Although this debate is specifically focused on getting more women into trade union leaderships, the first task to address is how to draw more fighting women workers into the unions. Since 1981 women's membership of the trade unions has gone from fewer than one in three to today where women make up 52% of trade union membership.
However, the number of women in the trade unions is almost the same as it was in 1981. 55% of workers today have never been in a union. Only one in five 25-35 year-olds are unionised. Therefore recruiting young women workers, women workers in the private sector and part-time jobs, and more workers in general, remain key tasks for the trade unions.
This will require first and foremost that the unions show they are capable of winning for their members. Showing they will fight on period poverty, childcare, the closure of women's refuges and the bread-and-butter issues, especially for those in low paid and part-time jobs, is key to attracting women workers.
Women make up around two-thirds of public sector workers so are at the sharp end of privatisation. 73% of those affected by the public sector pay freeze were women.
Nine out of ten workers in Britain who work in bars, restaurants and hotels report sexual abuse from employers, managers or the public. Zero-hour contracts and other attacks on workplace rights make women more vulnerable and less confident to challenge harassment and discrimination.
These attacks are the result of Tory government austerity and pro-big business measures. Right-wing Labour councils have played their part by, instead of taking a no-cuts position and fighting the Tories, passing on austerity and privatisation.
But right-wing trade union leaders have not mobilised the enormous potential power of the trade union movement against austerity.
The trade unions can play a vital role in defending workers against the bosses' attempts to drive down pay and conditions. Women who are members are paid on average 30% more than those who are not.
Fifty years ago, women members of the National Union of Vehicle Workers who produced car seat covers in Dagenham went on strike to demand the end to their unequal pay by the Ford car manufacturer. Their strike inspired support from male trade unionists and their victory paved the way for equal pay legislation.
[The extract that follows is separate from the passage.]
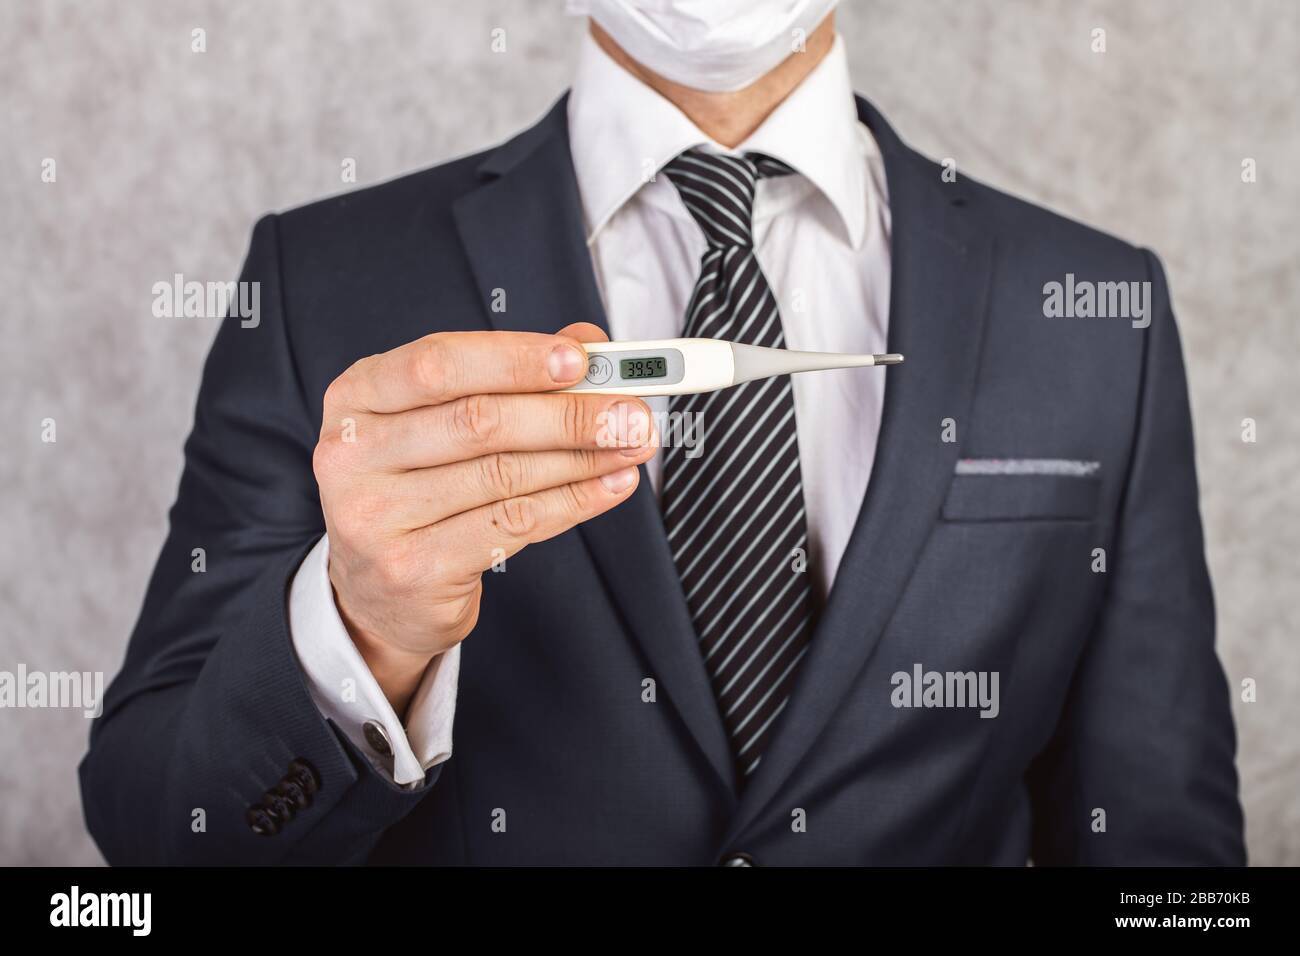 Un hombre en un traje y corbata sostiene en sus manos un termómetro electrónico con temperatura de 39.5 Foto de stock
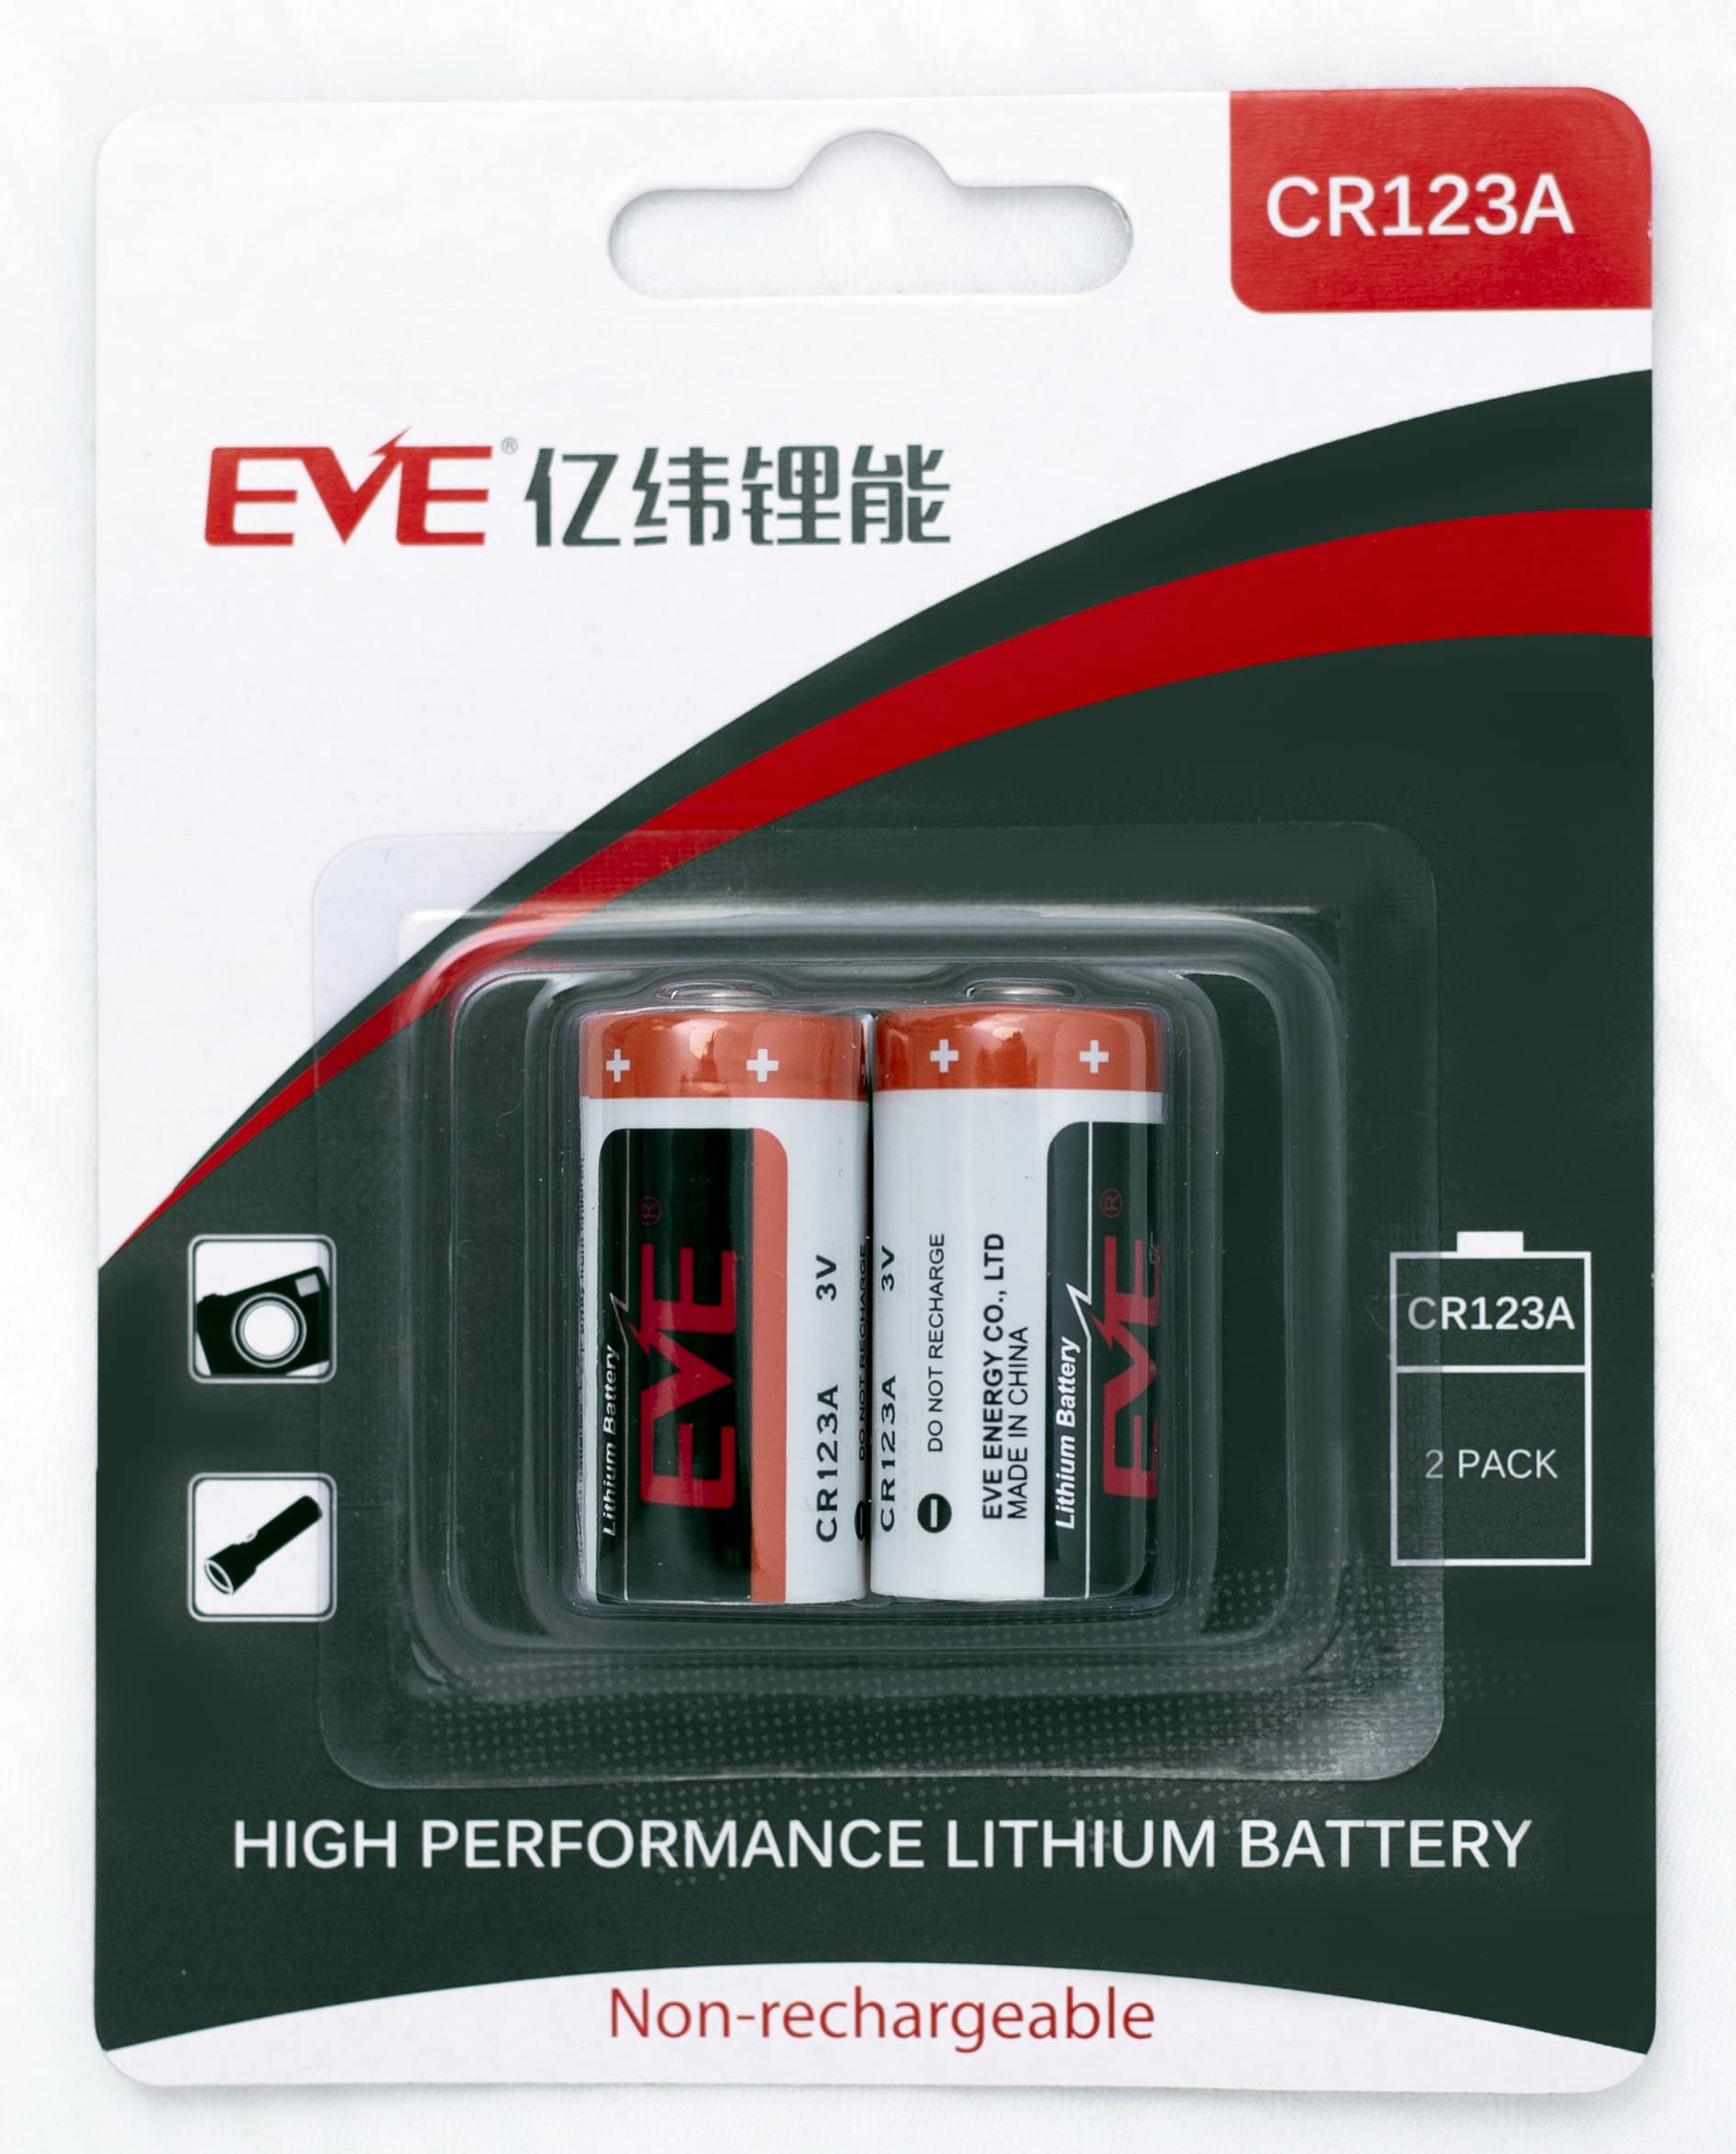 EVE Energy CR123A 3V リチウム電池 2個入りパッケージ カメラ 懐中電灯 IoT家電 Arlo カメラ Qrio Lock キュリオロック Sesame セサミ スマートロック リチウム電池 リチウム1次電池 KK-1-CR1…

United working class struggle like this is the most effective way of advancing women's wages and conditions and improving public services. The PCS has a strong record of defending trade unions as fighting bodies of the working class.
This includes organising resistance to Tory attempts to bankrupt the union through removing check-off, and fighting privatisation, for example of the land registry.
The trade unions can also show in action that they can play a vital role in the fight against sexism. In the early 1990s the Socialist Party spearheaded the Campaign Against Domestic Violence (CADV) which fought for domestic violence to be seen as a trade union and workplace issue, not only a personal one.
This meant trade unions adopting policy and fighting for workplace rights for victims of domestic violence - when time off was needed for example. This showed women workers they were valued by the trade unions, that the unions were not tolerant of domestic violence, and that they could win greater rights for workers.
This could not be based on women members alone but required a united struggle to overcome prejudices, and the maximum unity of the working class in action to win improvements for workers.
CADV won the support of hundreds of trade union branches as well as the backing of national unions. Many employers and councils also adopted these policies.
Today women's services, including refuges for those fleeing domestic violence, are being shut - including by women-led Labour councils.
Like all forms of sexism and oppression that exist under capitalism, this affects working class women. Trade unions must be central to the struggle to fight back.